Composantes isotypiques de pro-$p$-extensions de corps de nombres et $p$-rationalité

Let $p$ be a prime number, and let ${\rm K}/{\rm k}$ be a finite Galois extension of number fields with Galois group $\Delta$ of order coprime to $p$. Let $S$ be a finite set of non-Archimedean places of ${\rm k}$ including the set $S_p$ of $p$-adic places, and let ${\rm K}_S$ be the maximal pro-$p$ extension of ${\rm K}$ unramified outside $S$. Let $G:=G_S/H$ be a quotient of $G_S:=\operatorname{Gal}({\rm K}_S/{\rm K})$ on which $\Delta$ acts trivially. Put ${\rm X}:=H/[H,H]$. In this paper, we study the $\varphi$-component ${\rm X}^\varphi$ of ${\rm X}$ for all ${\rm Q}_p$-irreductible characters $\varphi$ of $\Delta$, and, in particular, by assuming the Leopoldt conjecture, we show that for all non-trivial characters $\varphi$, the ${\rm Z}_p[[G]]$-module ${\rm X}^\varphi$ is free if and only if the $\varphi$-component of the ${\rm Z}_p$-torsion of $G_S/[G_S,G_S]$ is trivial.

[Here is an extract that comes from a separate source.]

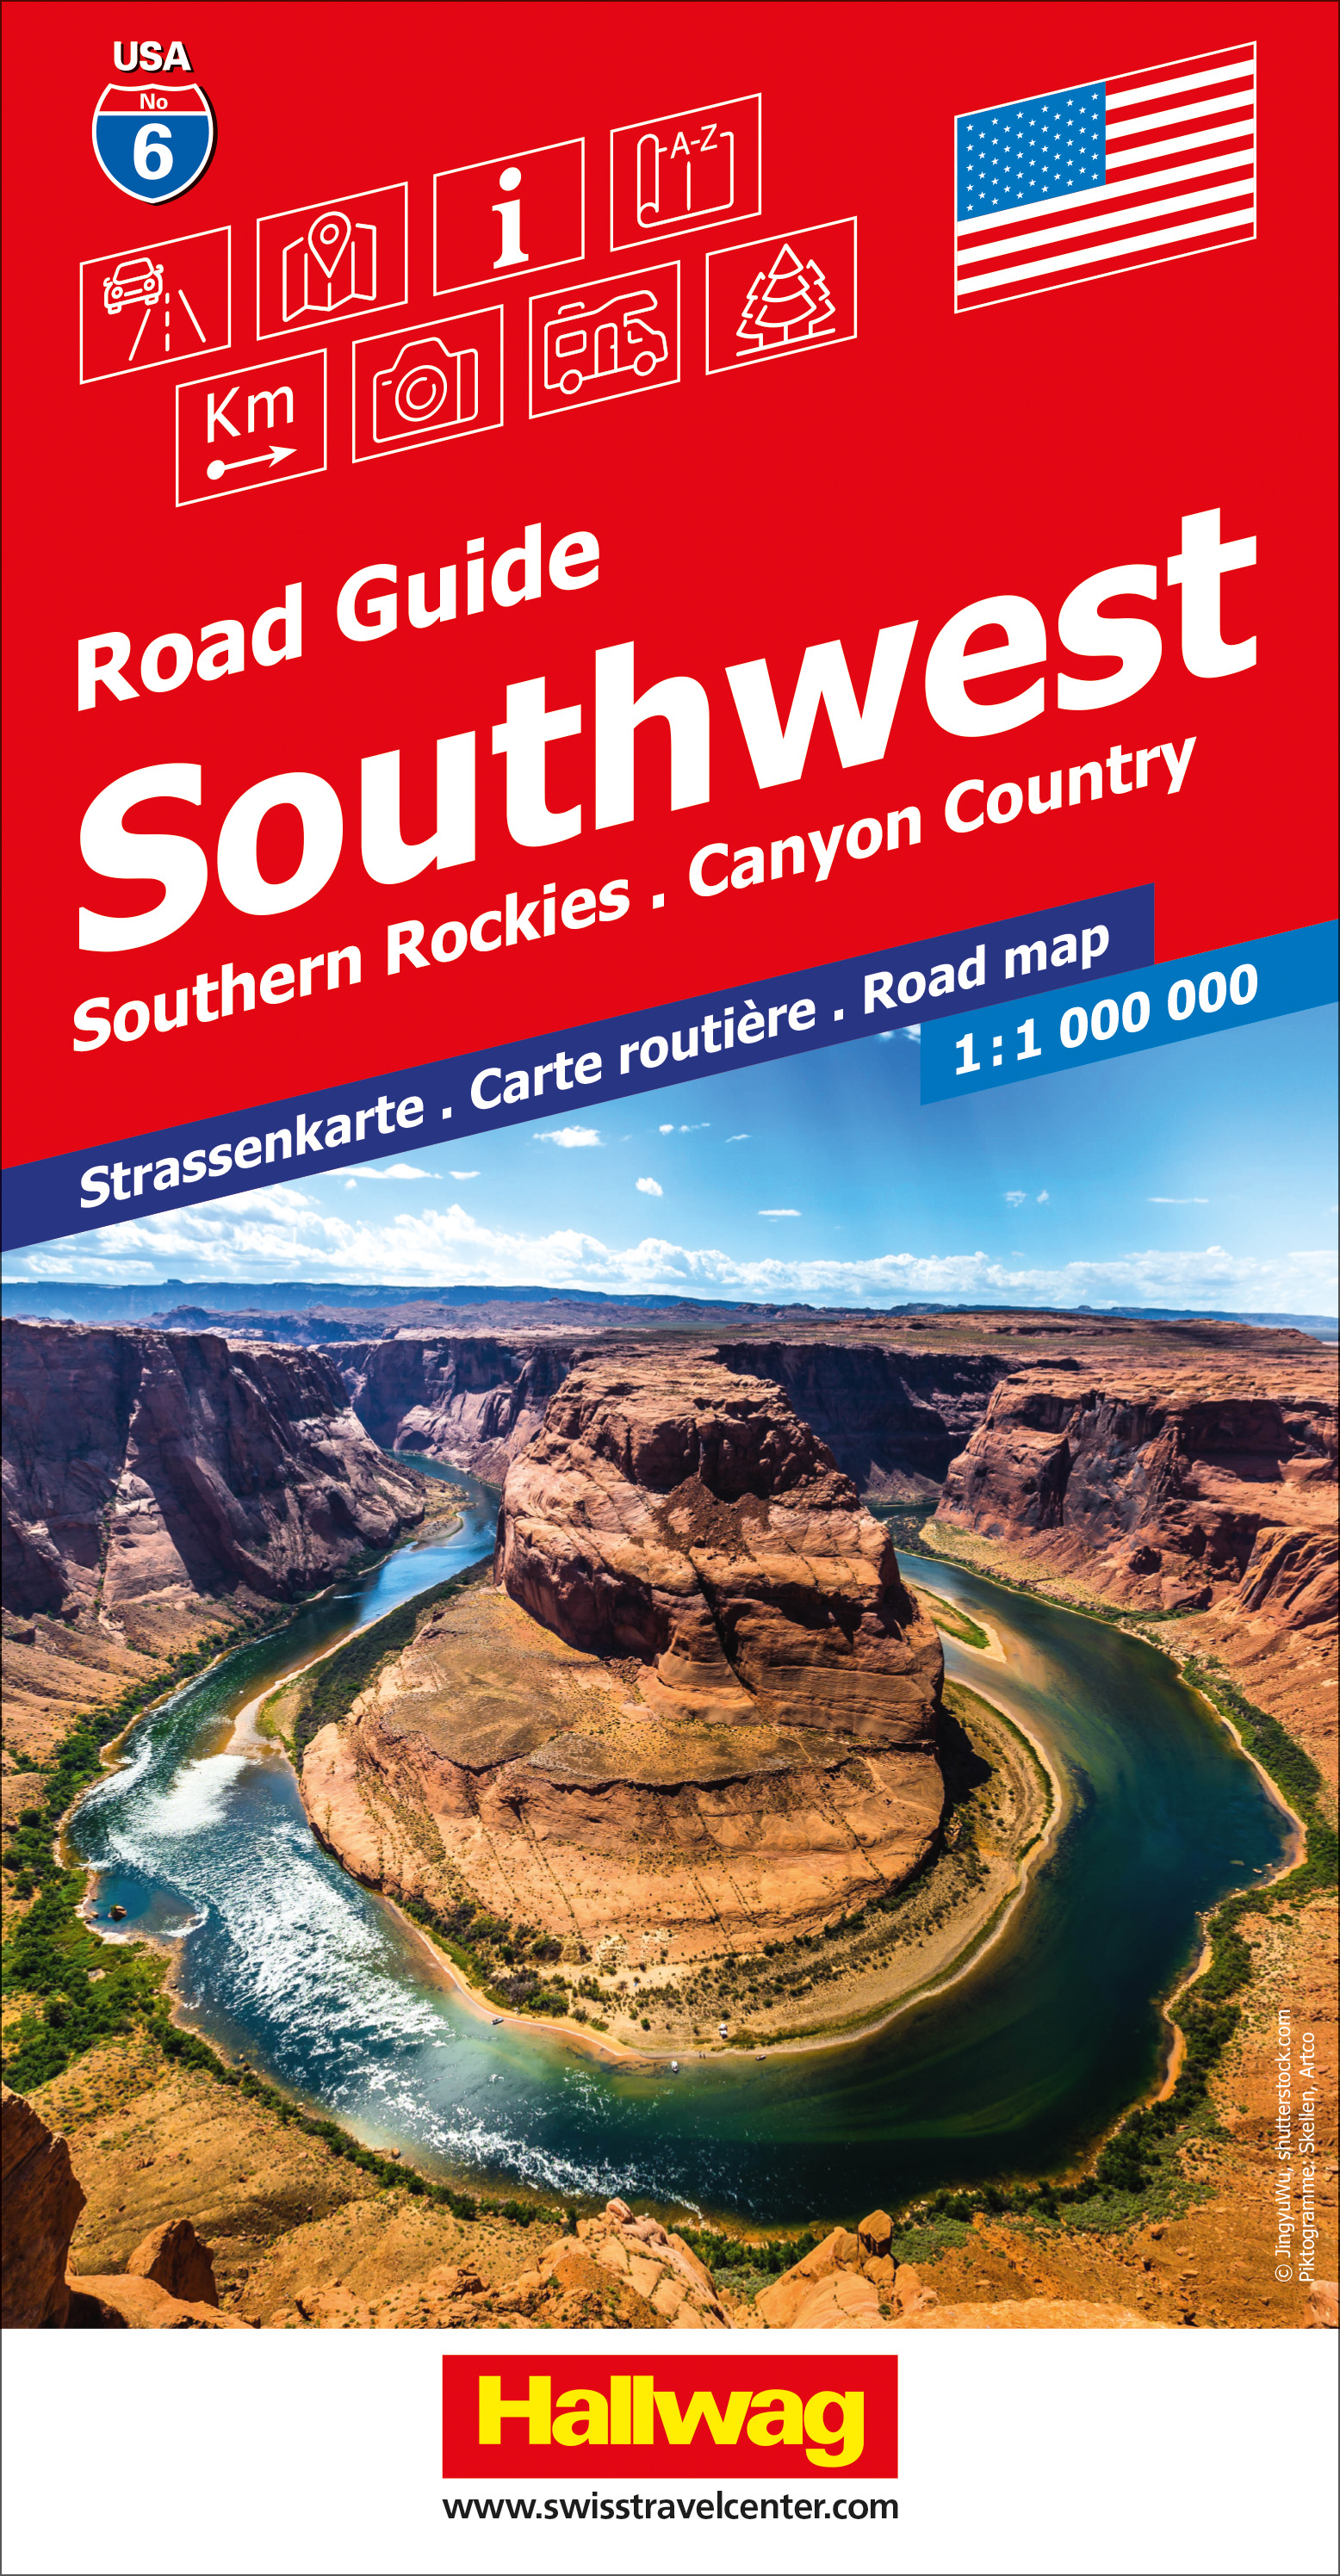 Online bestellen: Wegenkaart - landkaart 06 Southwest, zuidwest USA - Utah, Colorado, Arizona & New Mexico | Hallwag
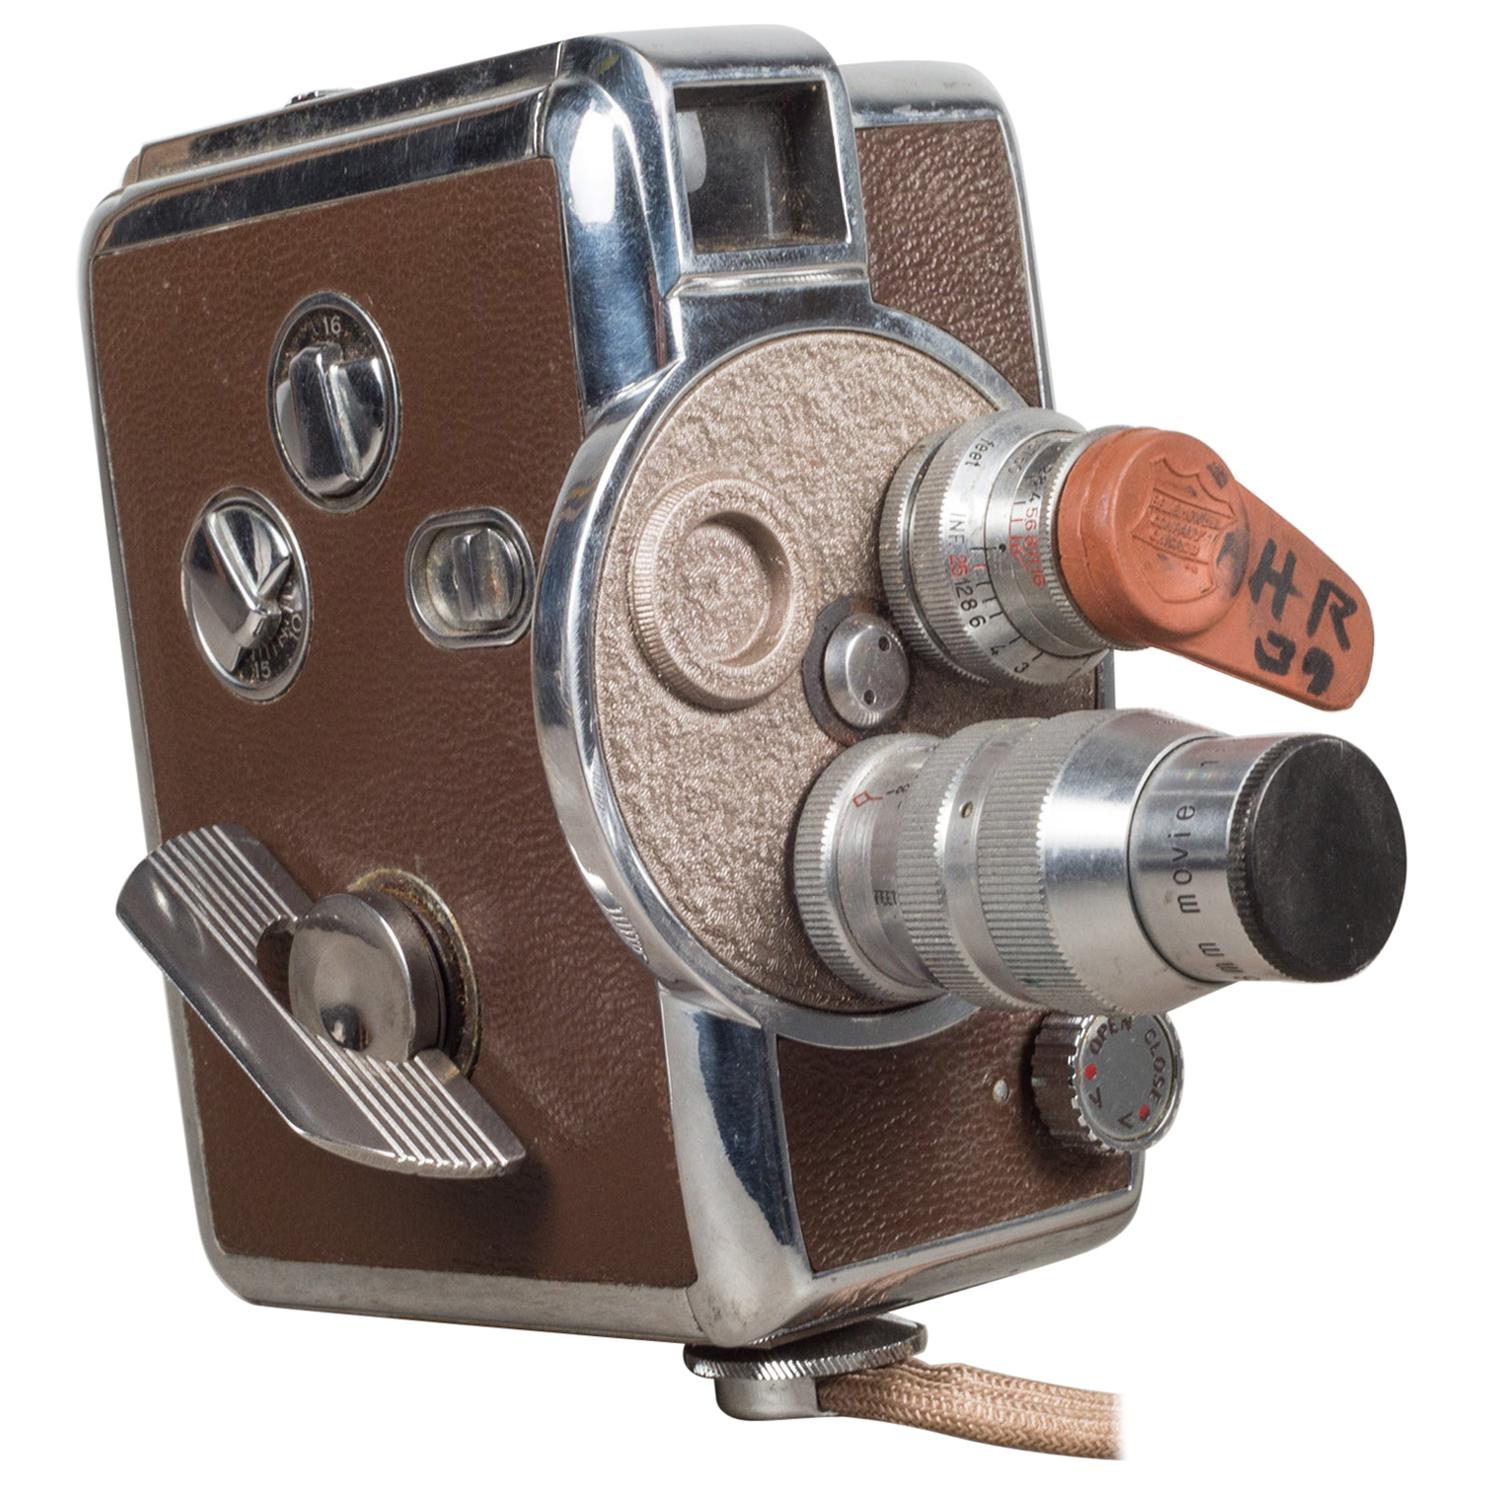 Revere 8mm Movie Camera, circa 1950

We also make a numerical study of the freeness of ${\rm X}^\varphi$ in cyclic extensions ${\rm K}/{\rm Q}$ of degree $3$ and $4$ (by using families of polynomials given by Balady, Lecacheux, and more recently by Balady and Washington), but also in degree $6$ dihedral extension over ${\rm Q}$: the results we get support a recent conjecture of Gras.